Huawei is facing yet another conundrum. This, like most of their most recent troubles, comes courtesy of the sanctions imposed by the United States. The initial round sanctions saw Huawei lose any support from US-based companies like Google. This limited physical component supply as well as software support. The second round of sanctions enacted in May extended restrictions to Huawei’s foreign suppliers who use or licence US technology.
The most recent blow to Huawei is that they have lost the services of TSMC (Taiwan Semiconductor Manufacturing Co). Huawei has relied on TSMC as a manufacturing partner for their inhouse HiSIlicon Kirin chips. TSMC who use US-based technologies can no longer supply Huawei with the chips which feature in their flagship devices.
This doesn’t only stop at their smartphones, this extends to any other product that has the Kirin silicon or suppliers for other products that fall within the bounds of the sanctions.
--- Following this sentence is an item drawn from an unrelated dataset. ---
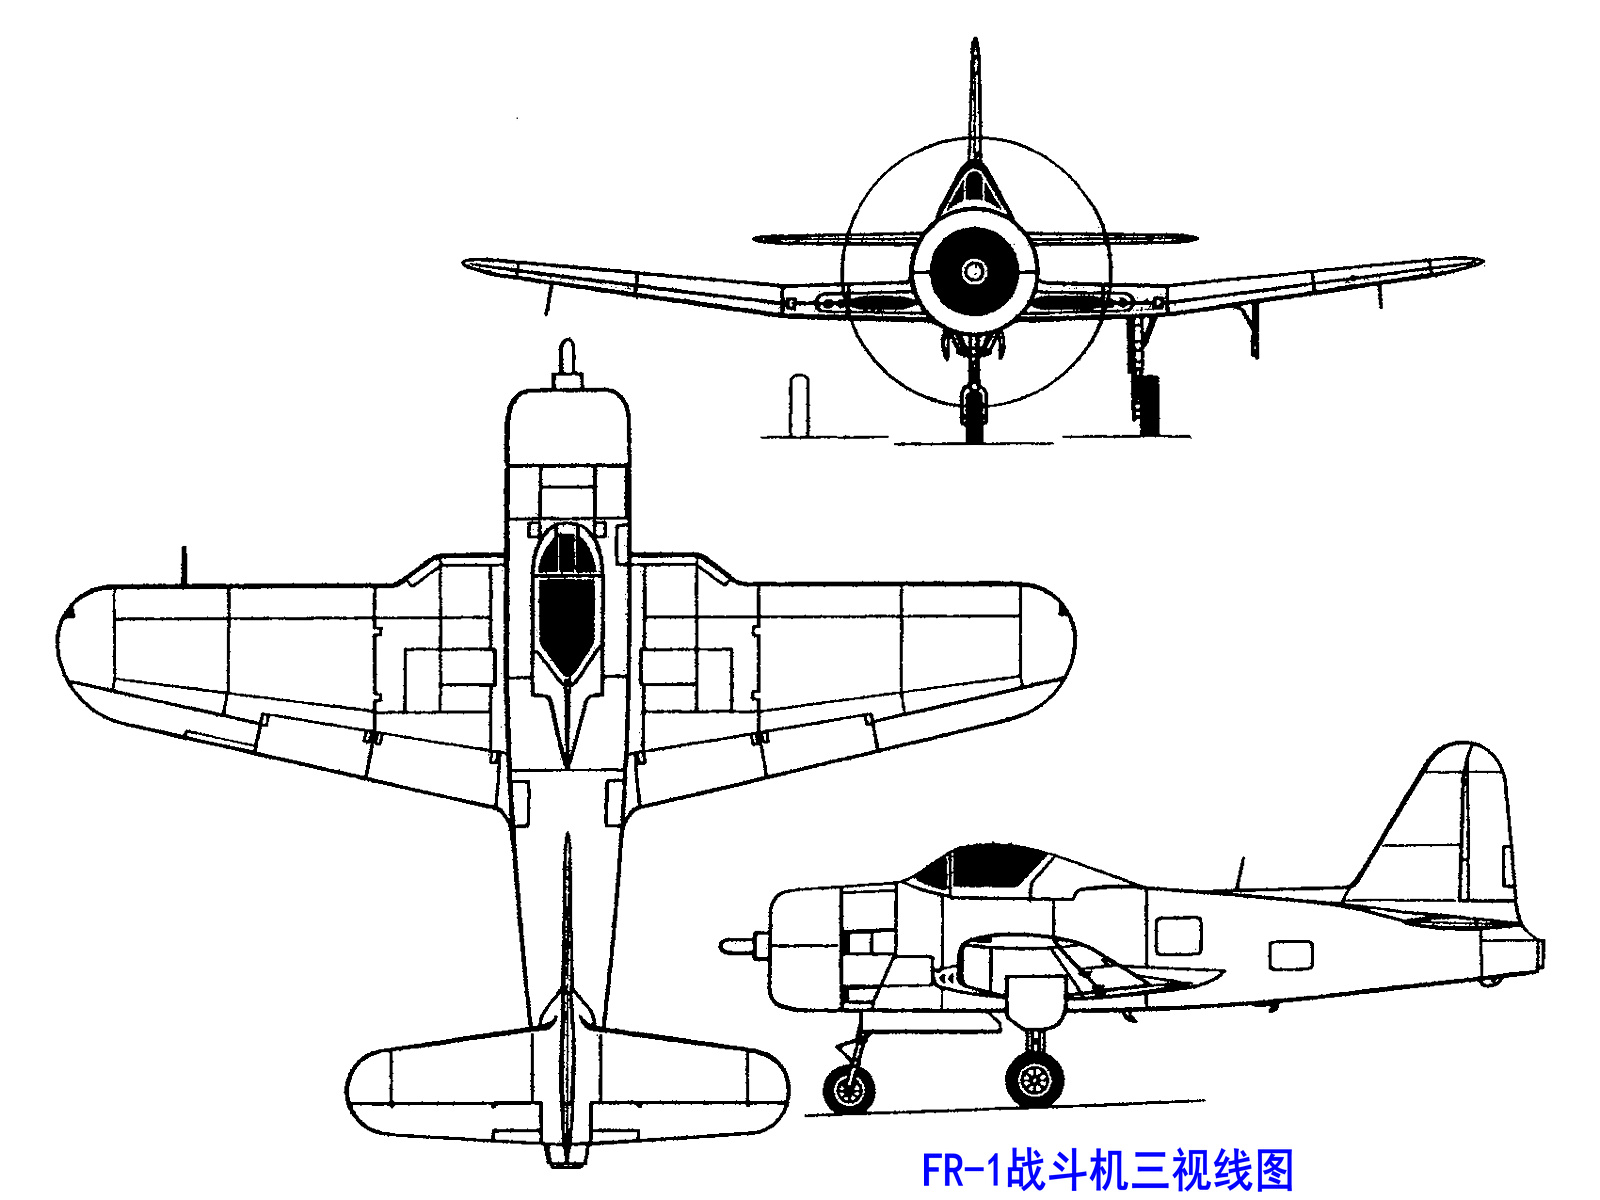 FR-1戰鬥機三視線圖

What are Huawei’s options?
Huawei may have to look to a domestic manufacturer. In a report by Android Authority, one option may be SMIC China (Semiconductor Manufacturing International Corporation). The initial problem is that SMIC uses US-made equipment and if a partnership materialises Washington will have something to say about it.
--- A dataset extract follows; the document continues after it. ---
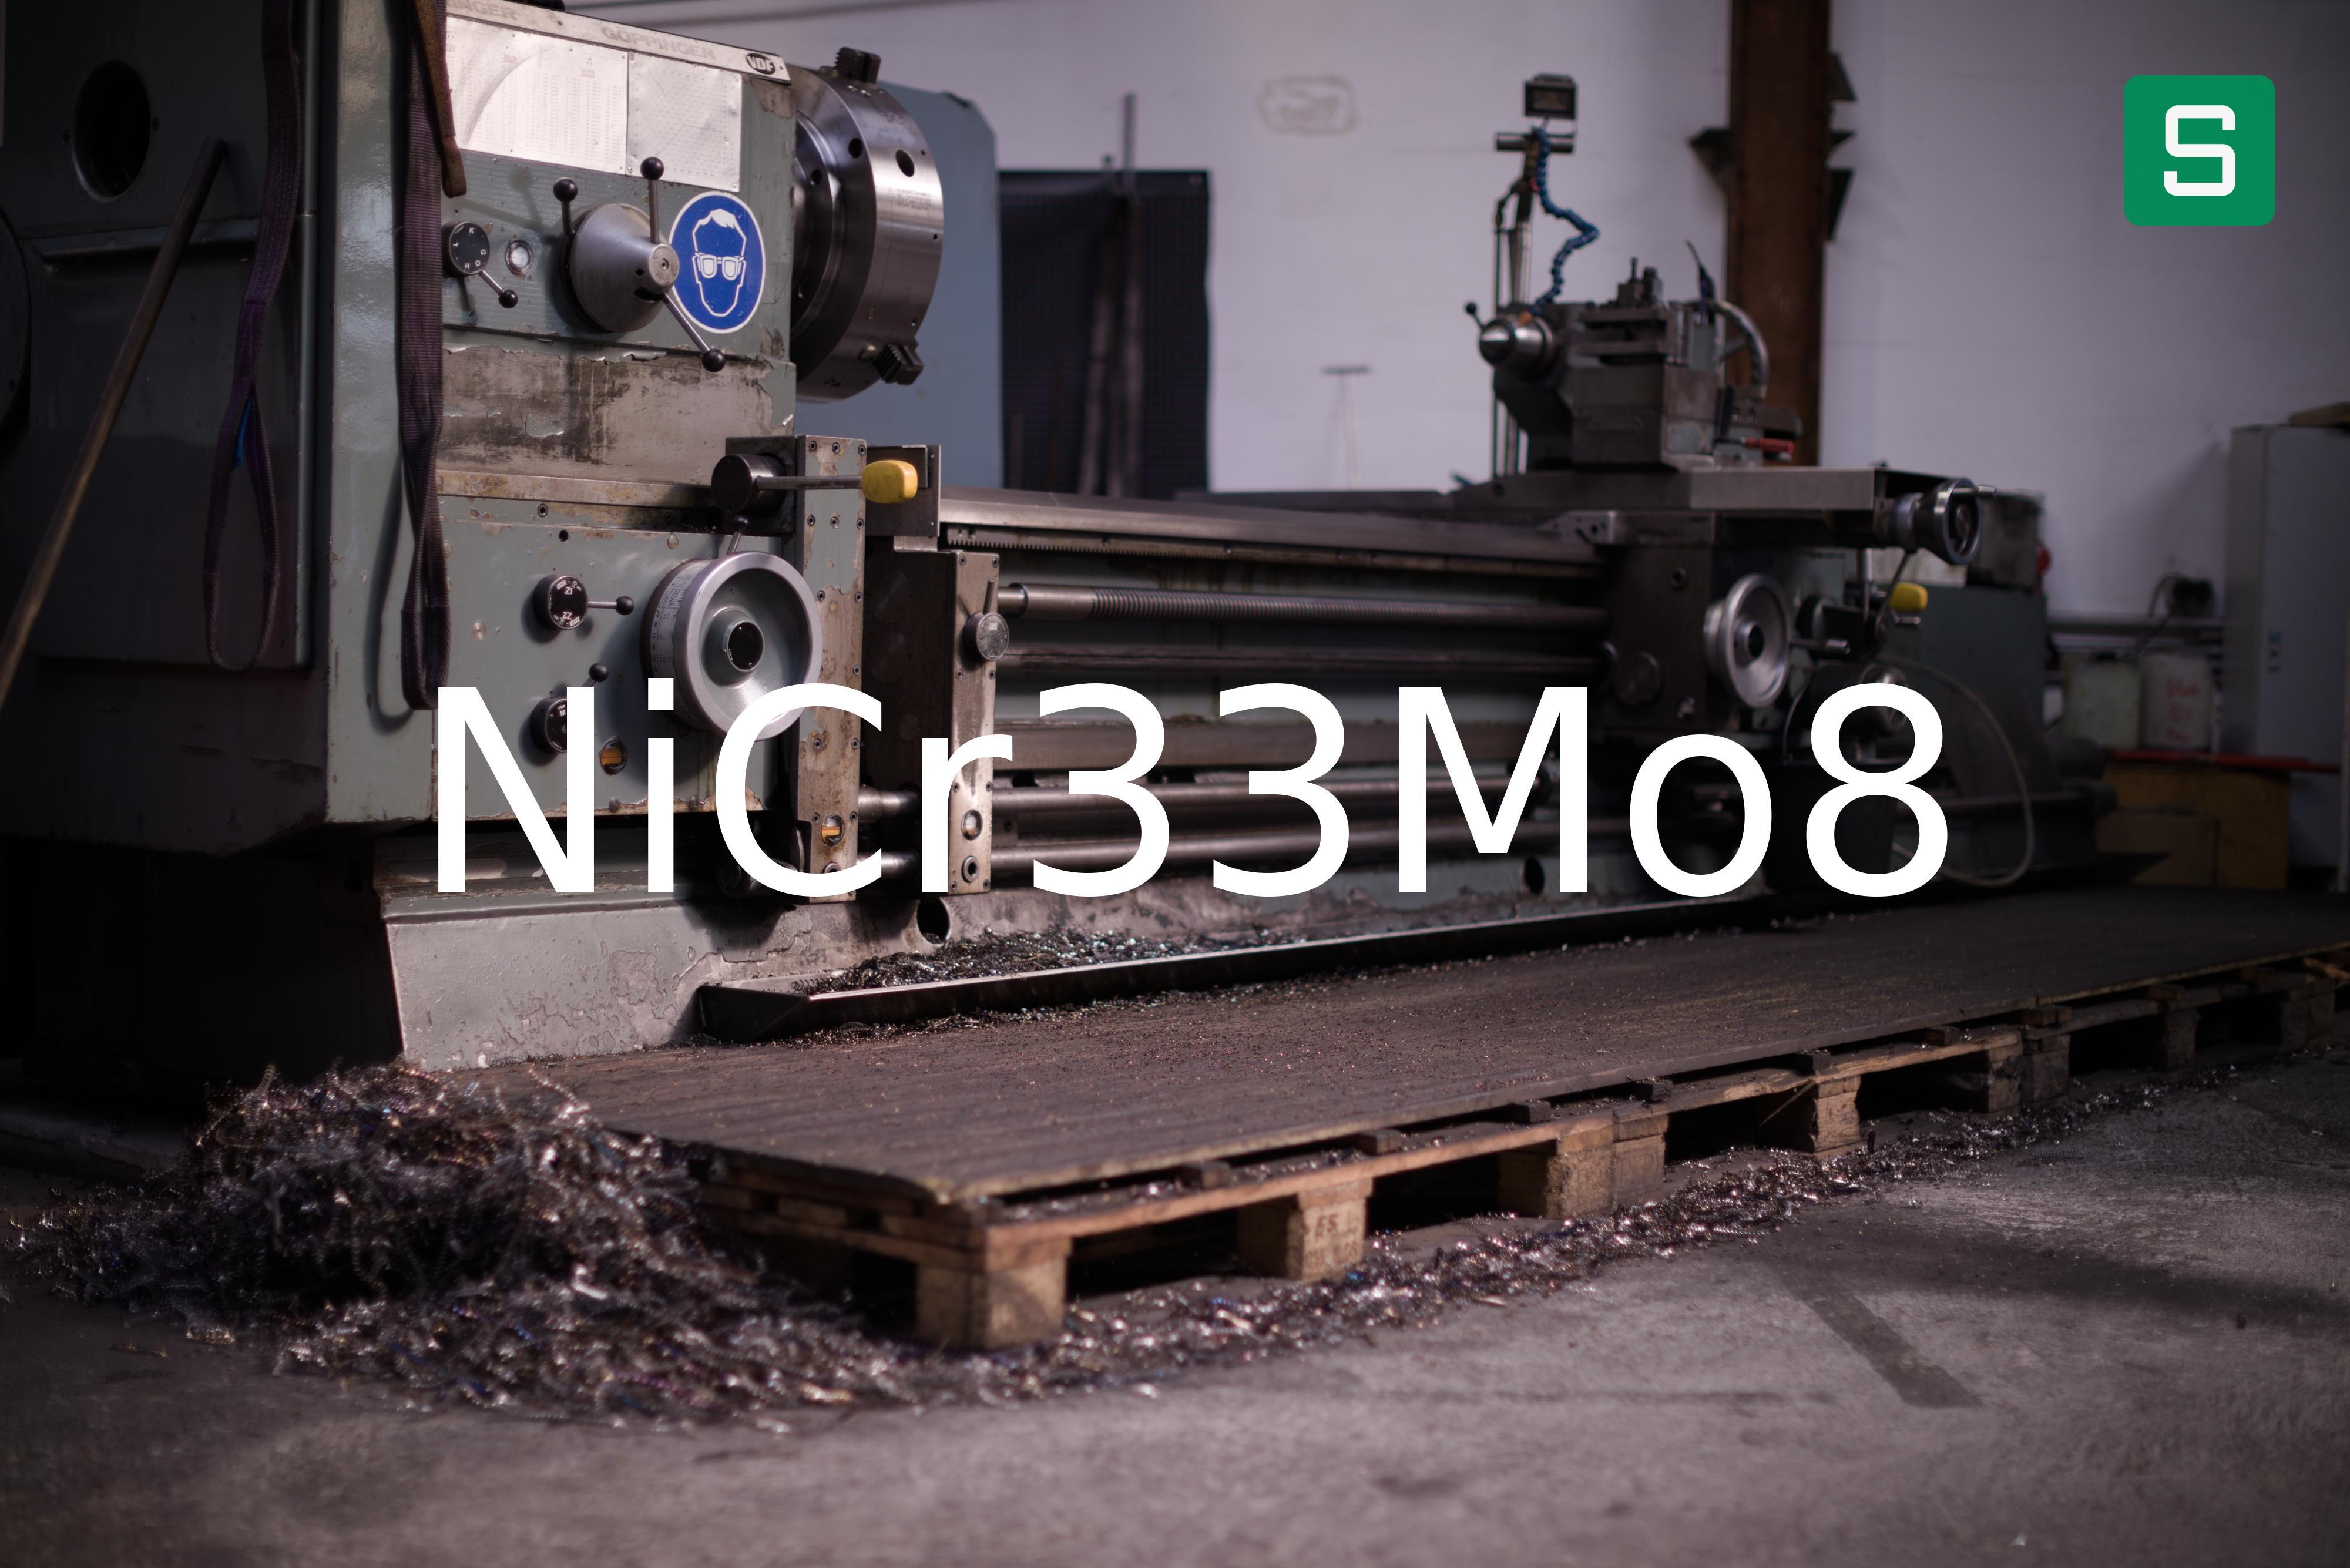 Steel Material: NiCr33Mo8

SMIC’s hardware, according to the same report, is not on the same level as the Kirin chips that Huawei has a dwindling supply of. Huawei may opt for the Mediatek Dimensity 5G which may not have the performance levels when compared to the Kirin hardware in their flagship devices but could be a short term option in the hope that the situation eases.
An unlikely ally?
In a report by the Wall Street Journal, chipmaker Qualcomm Inc is apparently lobbying the United States government to revoke the restrictions on the sale of components to Huawei. Qualcomm is arguing that the sanctions are limiting access to a market that is worth US$8 billion annually.
This alliance seems unlikely because Huawei and Qualcomm recently settled a patent licencing dispute which netted Qualcomm a US$1.8 billion payment from Huawei. On the other hand, one dispute doesn’t necessarily mean that there can’t be shared opportunities for both companies elsewhere. When there is money to be made, previous disagreements are usually smoothed over.
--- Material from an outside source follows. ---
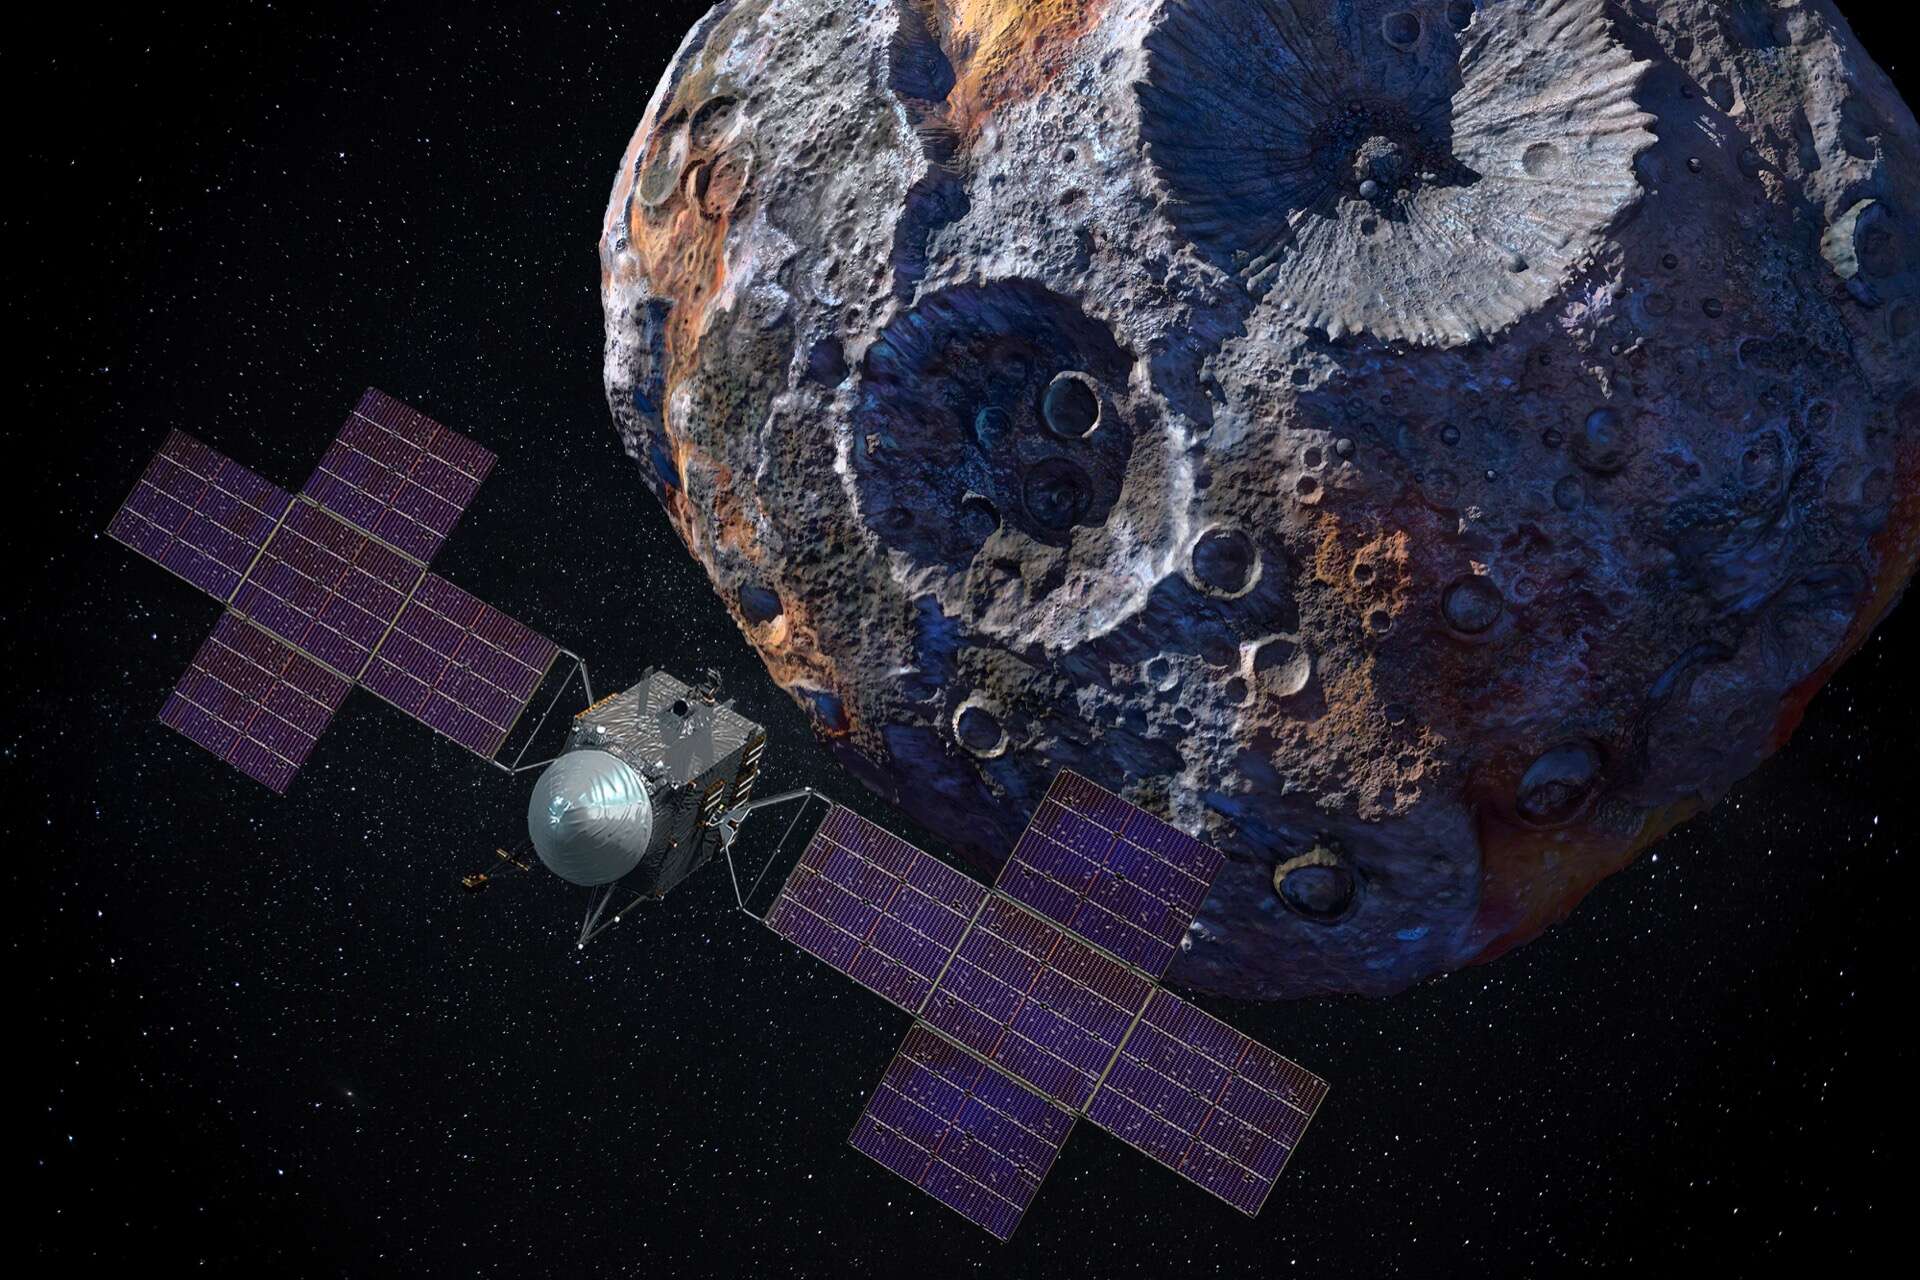 La NASA invia una sonda per esplorare i resti di un pianeta ai confini del sistema solare

The next year may be gloomy for Huawei. If they can’t manage to get a chip manufacturer that can match the level of the Kirin then they will lose even more footing in international markets. The surge they had in Q1 for market share and in Q2 for devices shipped may not be repeated because it was down, in large part, to their home market. If their phones aren’t competitive with other brands then they could stand to lose ground in China.